別の実施形態では、図2は、図示される方法200を実行するように構成される構成要素を含むMSシステムを表す。
本明細書において開示される方法のいずれかの方法の幾つかの実施形態では、EI源は軸方向EI源とすることができる。軸方向EI源は、EI源のイオン出口と同軸であるEI源軸に沿った長さを有するイオン化チャンバ又は容積を含むことができる。この構成によれば、その方法は、EI源軸に沿って電子ビームを集束させることを含むことができ、サンプルの照射はEI源軸に沿ったイオンビームを生成する。幾つかの実施形態では、その方法は、イオン化チャンバに軸方向磁界をかけて、EI源軸に沿って電子ビームを圧縮することを含むことができる。幾つかの実施形態では、その方法は、電子ビームの電子を反射し、EI源軸に沿って往復させて、電子ビームを強くすることができ、それは、EI源を低い電子エネルギーで動作させるときに特に有用な場合がある。
図3は、本明細書において開示される方法を実施する際に利用することができる質量分析(MS)システム300の一例の概略図である。そのMSシステム300は全体として、サンプル源302と、イオン源304と、質量分析計(MS)306と、システムコントローラ324と、イオン源304及びMS306の内部を制御された減圧レベルに保持する真空システムとを含む。真空システムはイオン源304及びMS306からそれぞれ続く真空ライン308及び310によって概略的に示される。真空ライン308及び310は、当業者によって理解される1つ又は複数の真空生成ポンプ及び関連する配管系統及び他の構成要素を概略的に表す。イオン源304とMS306との間に1つ又は複数の他のタイプのイオン処理デバイス(図示せず)が設けられる場合があることも理解されよう。種々のタイプのサンプル源、分析計及び関連する構成要素の構造及び動作は当業者によって一般的に理解されており、それゆえ、本明細書において開示される主題を理解するために必要に応じて手短にのみ説明される。実際には、イオン源304はMS306と一体に構成することができるか、そうでない場合には、MS306の前端又は入口と見なすことができ、それゆえ、実施形態によってはMS306の構成要素と見なされる場合がある。
サンプル源302は、被分析サンプルをイオン源304に供給するための任意のデバイス又はシステムとすることができる。サンプルは、サンプル源302からイオン源304に流れ込む気相又は蒸気の形で与えることができる。ガスクロマトグラフィ−質量分析(GC−MS)システム等の複合システムでは、サンプル源302はGCシステムとすることができ、その場合、GCシステムの分析カラムが、適切なハードウェアを通して、イオン源304のサンプル入口318とのインターフェースを構成する。
イオン源304は直交(又は交差ビーム、若しくはニーアタイプ(Nier type))EI源又は軸方向EI源とすることができる。両方のタイプのEI源が、下記の例により説明される。イオン源304は、MS306とのインターフェースを構成するイオン出口320を含む。

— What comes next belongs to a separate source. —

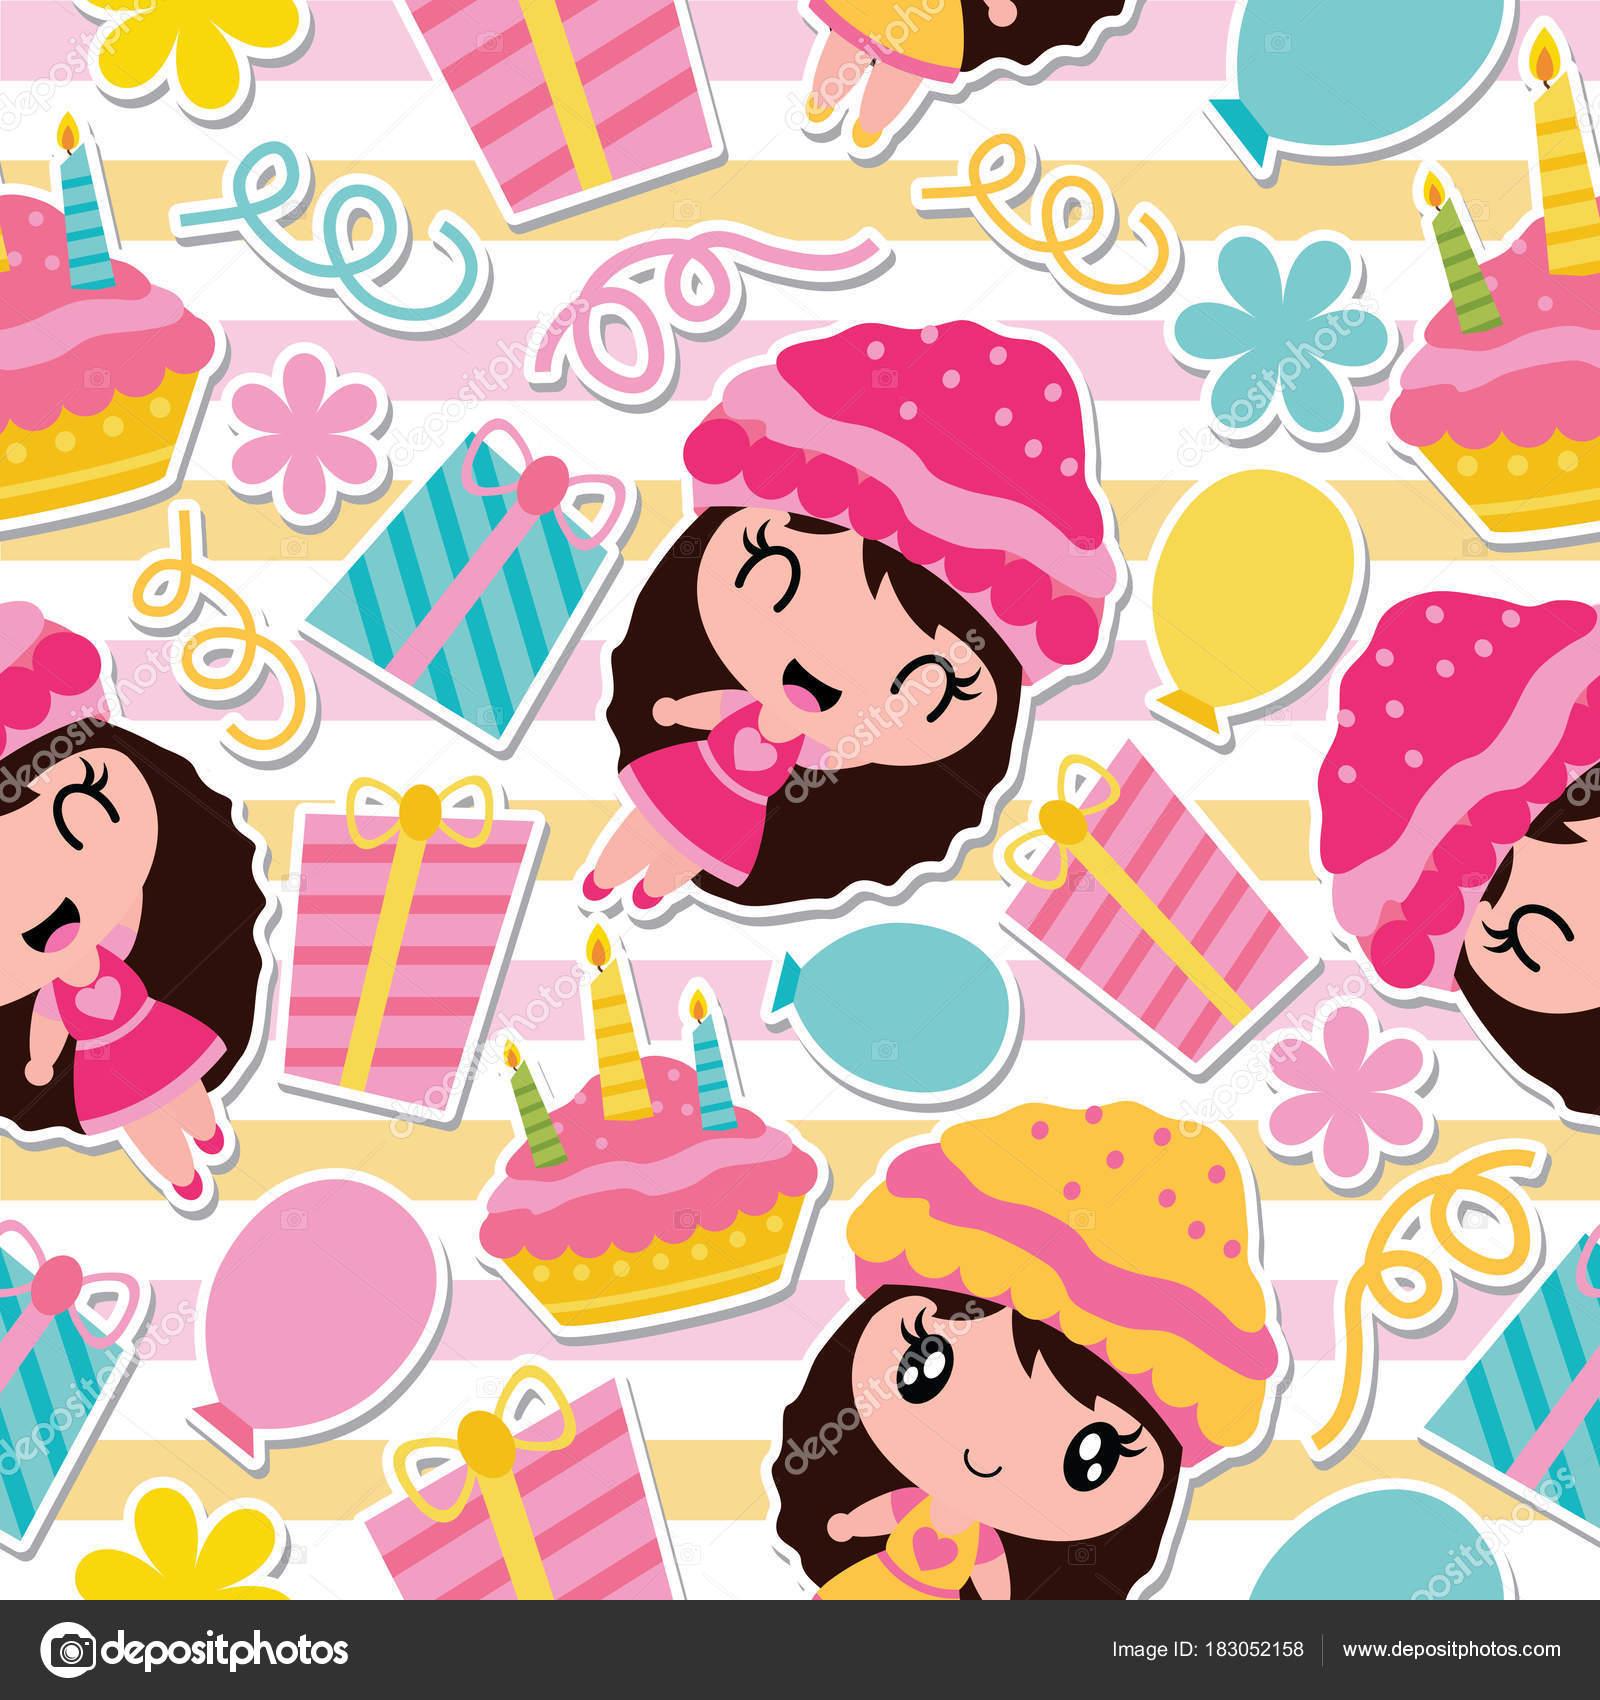 かわいい女の子 バースデー ケーキ ギフト包装紙 子供の布の服 壁紙の

MS306は全体として、ハウジング316内に封入される質量分析器312及びイオン検出器314を含むことができる。真空ライン310は質量分析器312の内部を非常に低い(真空)圧力に保持する。幾つかの実施形態では、質量分析器312の圧力は10−4Torr〜10−9Torrに及ぶ。真空ライン310は、MS306から任意の残留非分析中性分子を除去することもできる。質量分析器312は、それぞれのm/z比に基づいて被分析物イオンを分離するか、選別するか、又はフィルタリングするように構成される任意のデバイスとすることができる。質量分析器の例は、限定はしないが、多重極電極構造(例えば、四重極質量フィルタ、イオントラップ等)、飛行時間(TOF)分析器、イオンサイクロトロン共鳴(ICR)トラップを含む。質量分析器312は、特にイオンフラグメンテーション分析が望まれるときに、2つ以上の質量分析器からなるシステムを含むことができる。例として、質量分析器312は、当業者によって理解されるような、タンデムMS又はMSシステムとすることができる。別の例として、質量分析器312は、質量フィルタと、それに続く衝突セルとを含むことができ、さらに、それに質量フィルタ(例えば、三重極又はQQQシステム)又はTOFデバイス(例えば、qTOFシステム)が続く。イオン検出器314は、質量分析器312から出力された質量弁別後のイオンの流速(又は流れ)を収集し、測定するように構成される任意のデバイスとすることができる。イオン検出器314の例は、限定はしないが、電子増倍管、光電子増倍管及びファラデーカップを含む。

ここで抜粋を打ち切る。